Cyber resilience mastery may be within reach for financial firms but achieving it might not be easy.
First, the good news: Accenture’s 2018 State of Cyber Resilience report finds Financial Services businesses stopped 81 percent of attacks in 2018, compared with 66 percent in 2017. This means only 19 percent of cyber attacks succeeded this year.
On the other hand, cyber criminals are improving their attacks, deploying breakthrough technology to outsmart security—but financial firms are not responding in kind. In fact, from an overall budgeting standpoint, only 18 percent of financial firms responding to the Cyber Resilience report significantly increased their cyber security spend over the past three years, and only 30 percent expect to spend significantly on defense over the next three years.
Banking and Capital Markets: 2018 State of Cyber Resilience
Banking and capital markets leaders are confident about their cyber resilience. Eighty-one percent of leaders across all industries report "confidence" or "extreme confidence" in their ability to resume activity after a breach. Firms also believe they are ahead of the curve when it comes to cyber security. Our survey found them performing well in 19 out of 33 capabilities on average—such as stakeholder involvement, cyber security accountability and cooperation during crisis management.
That confidence is great—but is it premature? One in seven breach attempts against banks and capital markets firms still succeed, and 42 percent of attempts go undetected for at least a week.
Meanwhile, banking and wealth management activity is rapidly moving to the digital domain, creating the potential for new cyber security threats. Likewise, business decisions increasingly rely on data, bringing more gap potential.
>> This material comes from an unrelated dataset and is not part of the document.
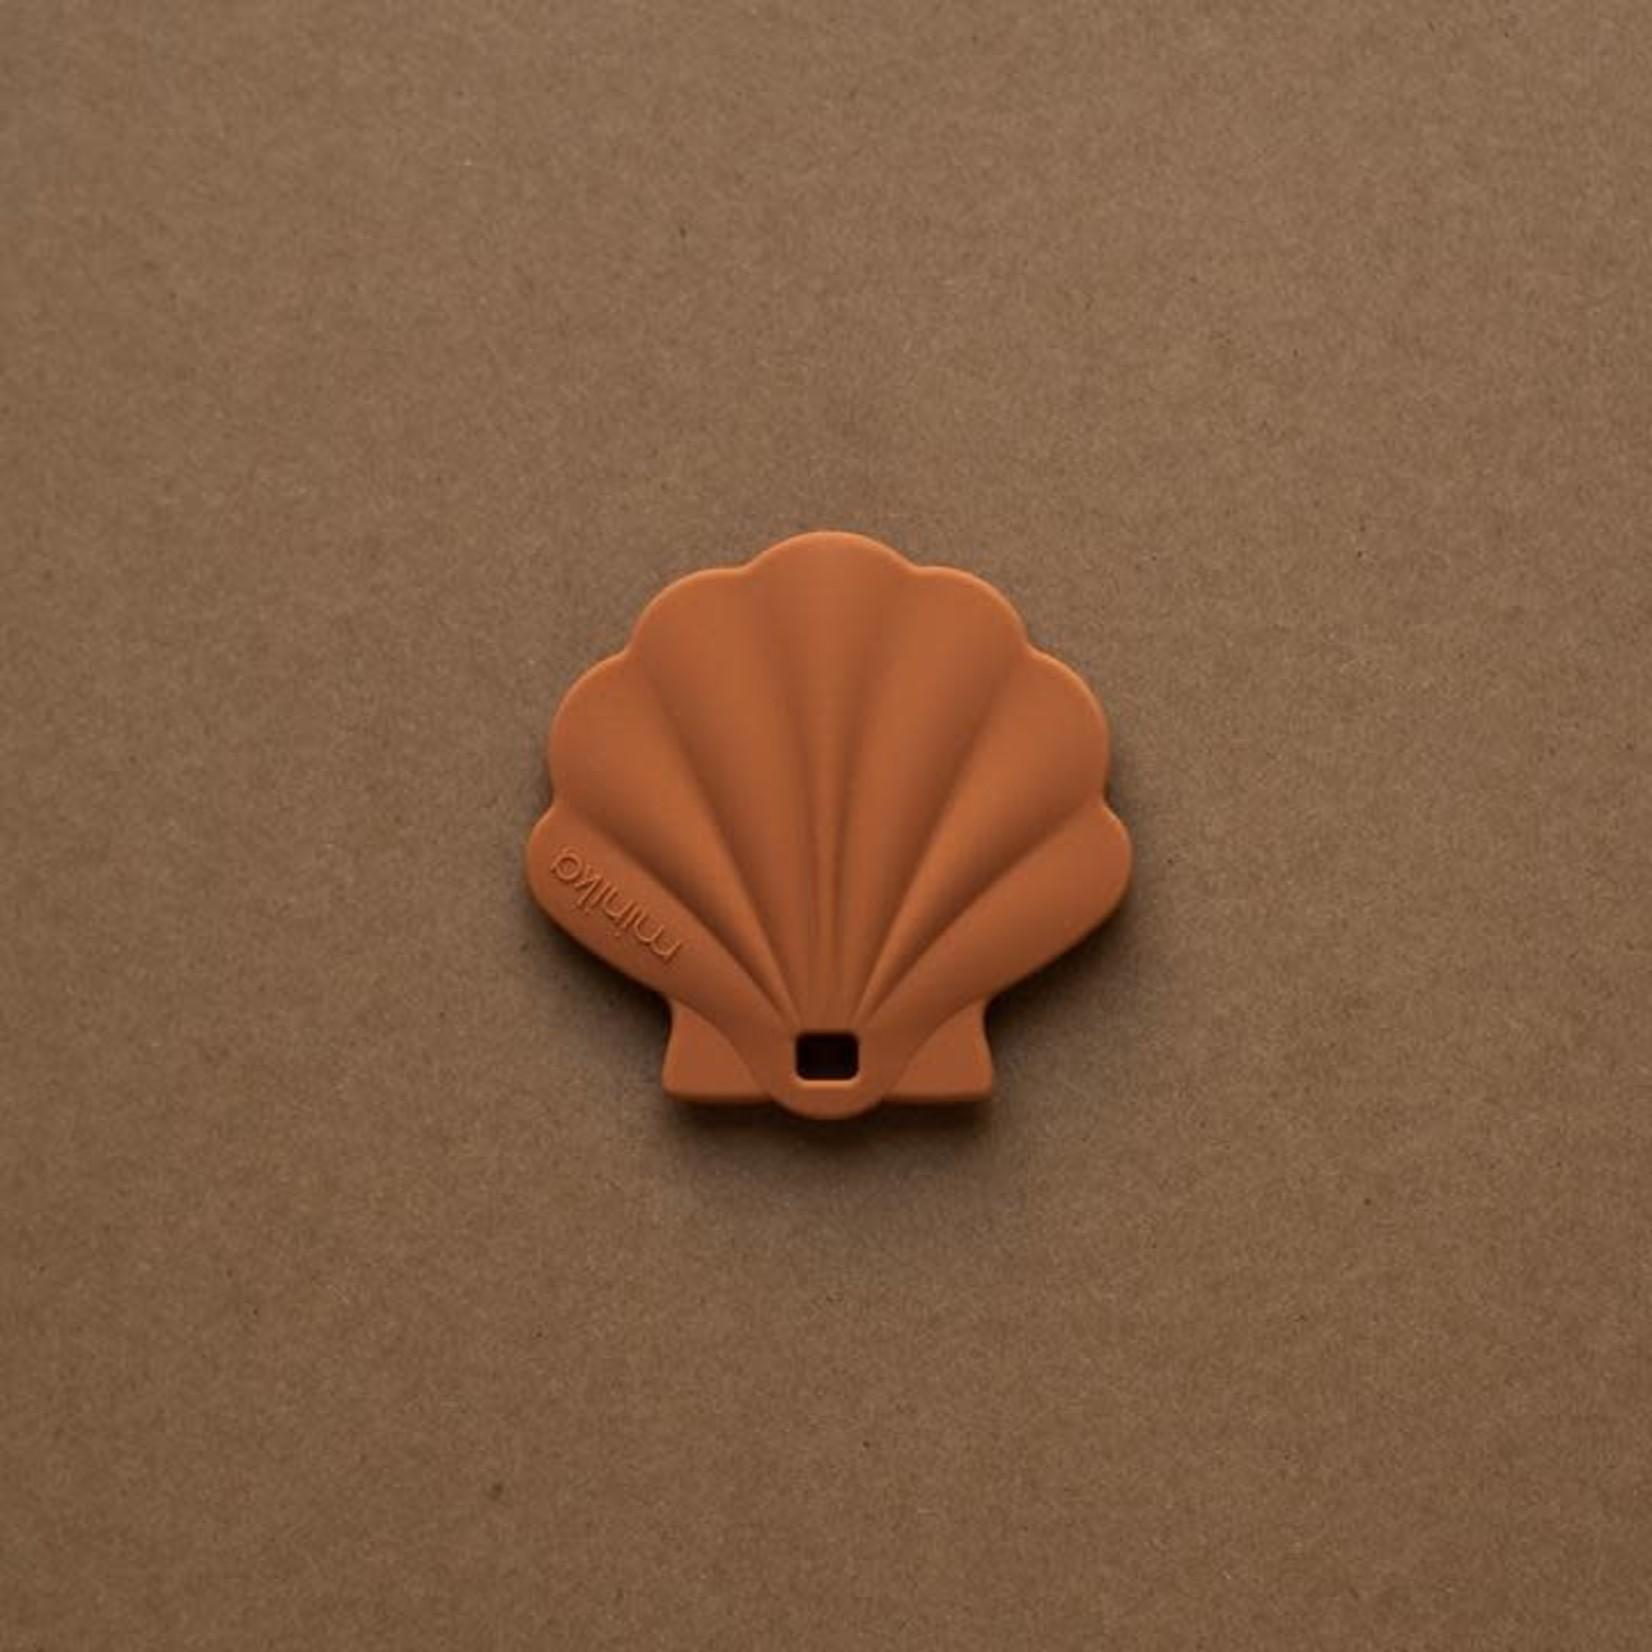 Minika Copy of Coquillage de dentition blush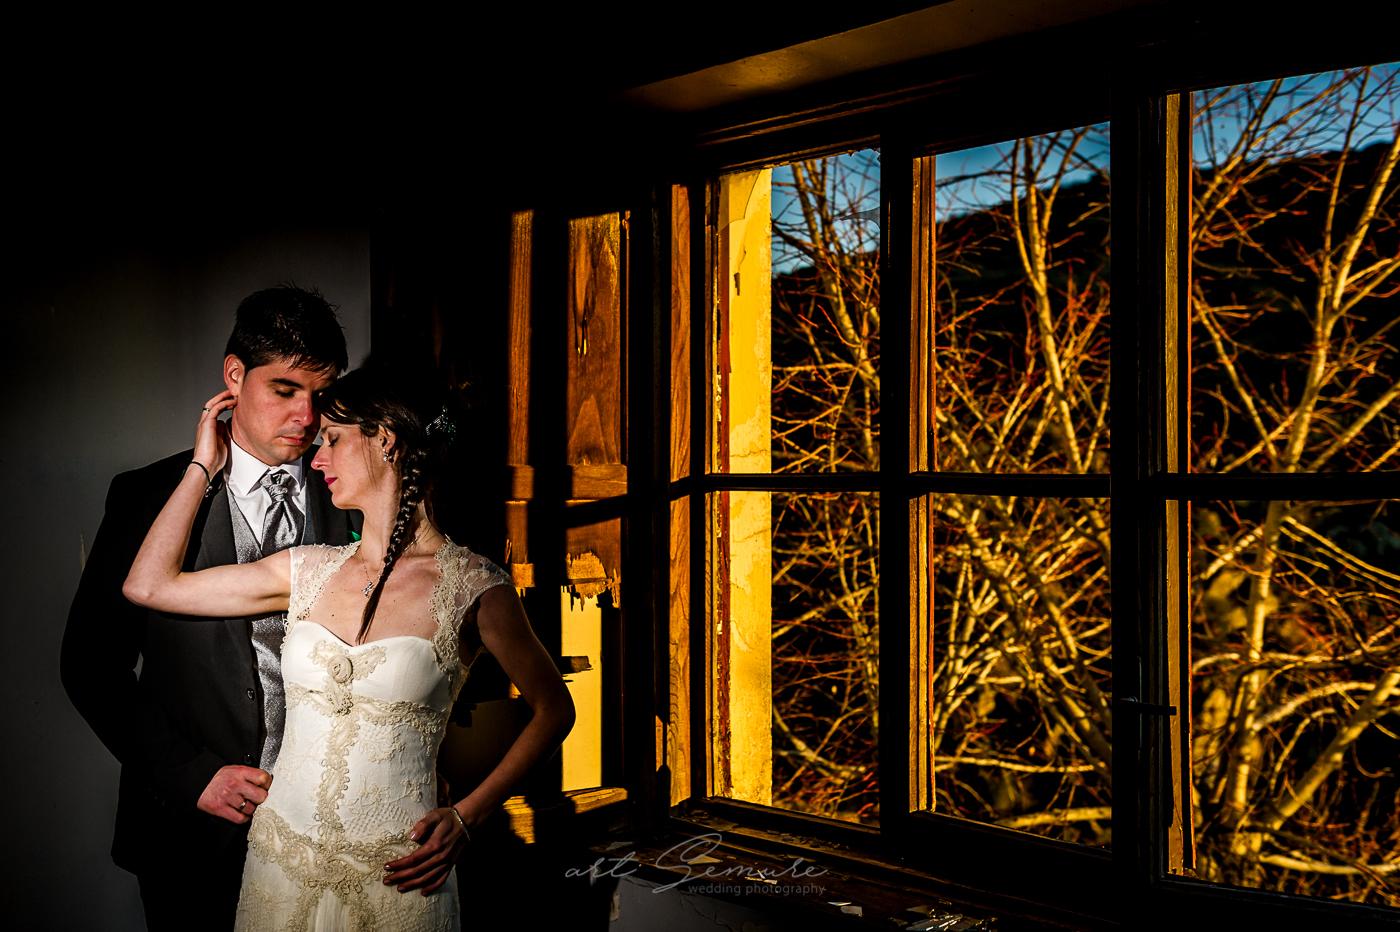 fotografo boda emotiva zamora salto de castro 21_

Can banks and capital markets firms keep pace in a fast-changing threats landscape?
One strategy is to invest in new technologies. But banks and wealth managers are lagging in their investments in robotics, Artificial intelligence (AI)/machine learning, Internet of Things and blockchain.
Insurers have seen cyber resilience successes similar to those reported by banking and capital markets firms. Successful breaches for insurers declined from 30 percent in 2017 to 22 percent this year. Between 2017 and 2018 the number of cyber capabilities mastered by insurers almost doubled, from 12 to 20 (there are 33 total capabilities), with cooperation during crisis management and leveraging peers to identify business threats among the insurers’ high performing skills.
Complicating the cyber resilience picture for insurers is the need to not only manage their own defenses, but help customers manage theirs. Many insurers now offer policies to customers, insuring them and helping them protect their digital assets.
Another challenge facing the industry is the growing intersection of fraud and cyber. Not long ago, fraudsters were dependent on other actors, like doctors or auto body shops. But with identity theft capabilities, criminals can pass themselves off as claims processers or agents. Insurance fraud now can be committed faster, at lower risk to cyber criminals.
Is your cyber strategy resilient enough?
Banks, capital markets and insurers have seen strong success—but cyber criminals are getting smarter all the time. If they aren’t building solid strategies backed with robust breakthrough technologies, financial businesses may be leaving a breach-able gap.